7 HARQ protocol

25.3083GPPHigh Speed Downlink Packet Access (HSDPA)Overall descriptionRelease 17Stage 2TS

Tools: ARFCN - Frequency Conversion for 5G NR/LTE/UMTS/GSM

The HARQ protocol is based on an asynchronous downlink and synchronous uplink scheme. The ARQ combining scheme is based on Incremental redundancy. Chase Combining is considered to be a particular case of Incremental Redundancy. The UE soft memory capability shall be defined according to the needs for Chase combining. The soft memory is partitioned across the HARQ processes in a semi-static fashion through upper layer signalling. The UTRAN should take into account the UE soft memory capability when configuring the different transport formats (including possibly multiple redundancy versions for the same effective code rate) and when selecting transport formats for transmission and retransmission.

If blind HARQ retransmissions for HSDPA are configured by upper layers, when the UE receives a MAC PDU within 5 sub-frames from the reception of the previous MAC PDU intended for the same HARQ process, the UE combines the received data with the data in the soft buffer and generates a feedback for this HARQ process.

7.1 Signalling

7.1.1 Uplink

In the uplink, a report is used indicating either ACK (positive acknowledgement) or NACK (negative acknowledgement).

7.1.2 Downlink

7.1.2.1 Shared control channel signalling

The following HARQ protocol parameters are carried on the HS-SCCH:

– HARQ process identifier:

– Every HARQ process is assigned an identifier, which is used to couple the processes in the transmitter and the receiver. For dual stream, three stream and four stream transmissions a pair of HARQ process identifiers is indicated by the HS-SCCH.

– New data indicator:

– It is used to distinguish between data blocks. It is specific to the HARQ process. It is incremented for each new data block. For MIMO mode and MIMO mode with four transmit antennas, the new data indicator is implied by the redundancy version indicator carried on the HS-SCCH.

7.1.2.2 In-band signalling on HS-DSCH

The following parameters are signalled in-band in the MAC-hs header to support in-sequence delivery and priority handling at the UE. These parameters are protected by the same CRC as the Data block. For MAC-hs the parameters are:

– Re-ordering Queue Identity:

– It is used to identify the re-ordering buffer destination of a MAC-hs PDU.
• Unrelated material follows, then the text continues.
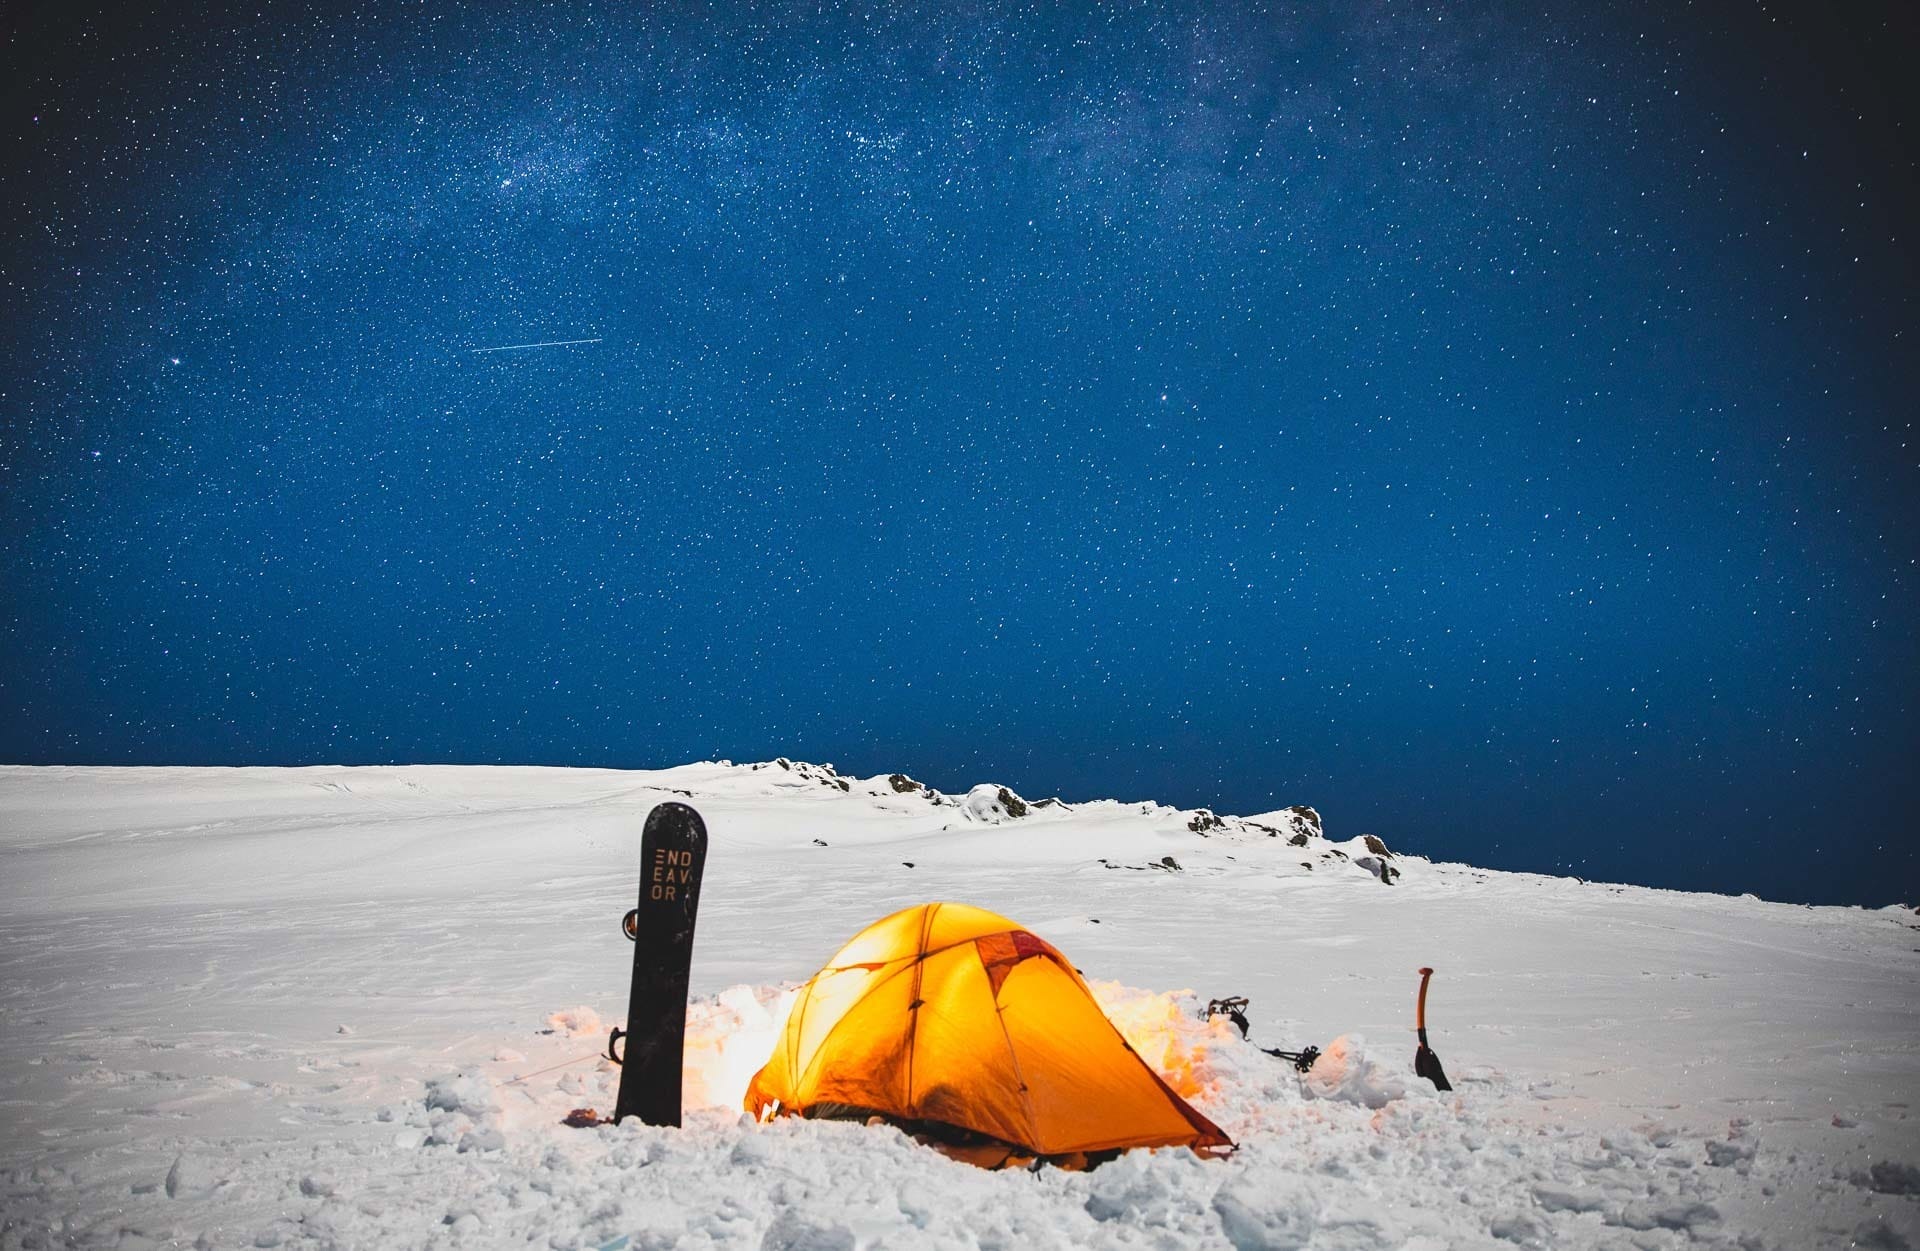 Sea to Summit in Australia – All In A Day's Work, guy williment, astrophotography, backcountry, snow camping, snowboard, nsw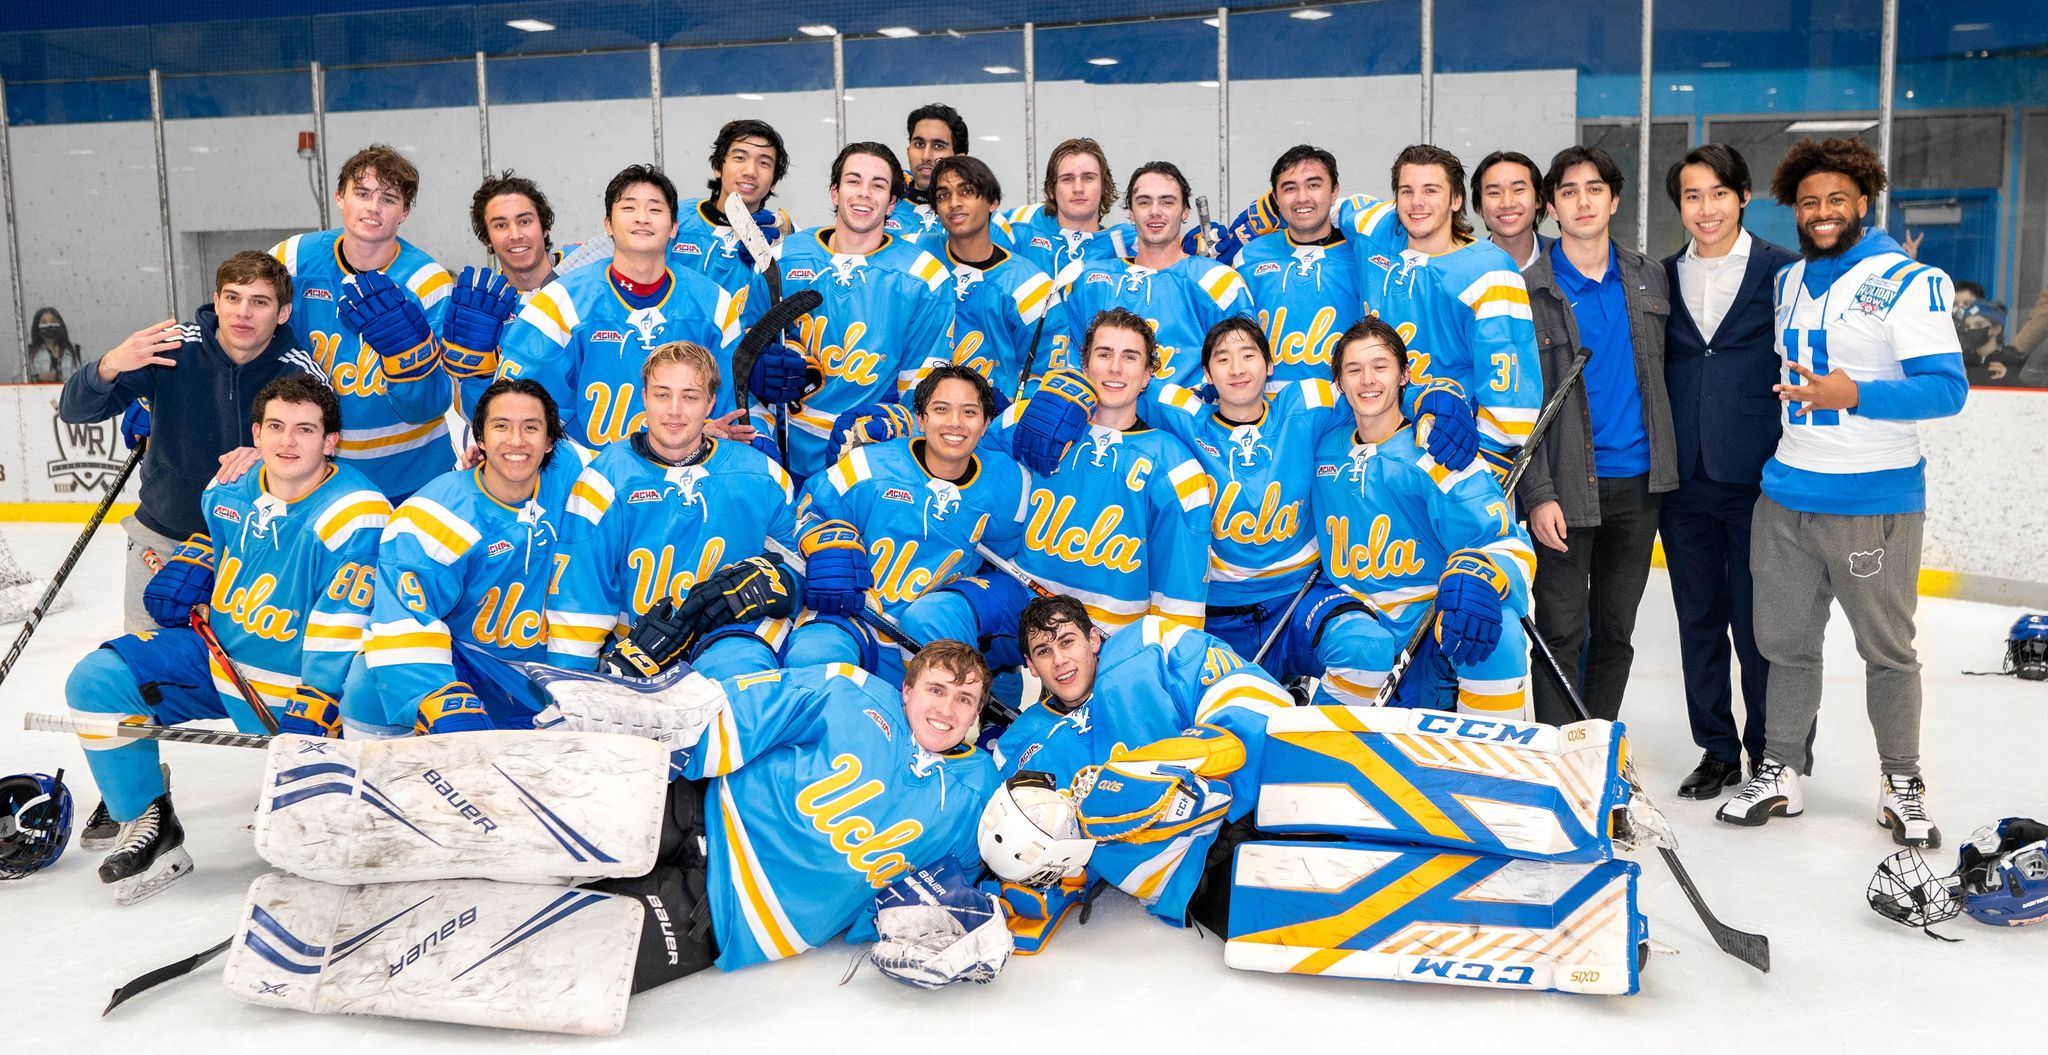 Oped Let’s Bring Back Division I Hockey to UCLA

– Transmission sequence number:

– It is incremented for each new data block destined to a re-ordering buffer. It is used for reordering to support in-sequence delivery.

For MAC-ehs, the parameters are:

– Logical Channel Identity:

– It is used to identify the logical channel and the re-ordering buffer destination of a MAC-ehs SDUs or segments of MAC-ehs SDUs.

– Transmission sequence number:

– It is used for reordering to support in-sequence delivery.

– Length of the MAC-ehs SDU or the segment of the MAC-ehs SDU included in the MAC-ehs PDU.

Additionally the following parameter is signalled in-band in the MAC-ehs header to support MAC-ehs SDU segmentation in Node B and reassembly at the UE.

– Segmentation indication.

7.2 Void

7.3 Void

7.4 Error handling

The most frequent error cases to be handled are the following:

– NACK is detected as an ACK. The NW starts afresh with new data in the HARQ process. The data block is discarded in the NW and lost. Retransmission is left up to higher layers.

– ACK is detected as a NACK: If the network retransmits the data block, the UE will re-send an ACK to the network. If in this case the transmitter at the network sends an abort indicator by incrementing the New Packet Indicator, the receiver at the UE will continue to process the data block as in the normal case.

– If a CRC error on the HS-SCCH is detected, UE receives no data and sends no status report. If the absence of the status report is detected, NW can retransmit the block.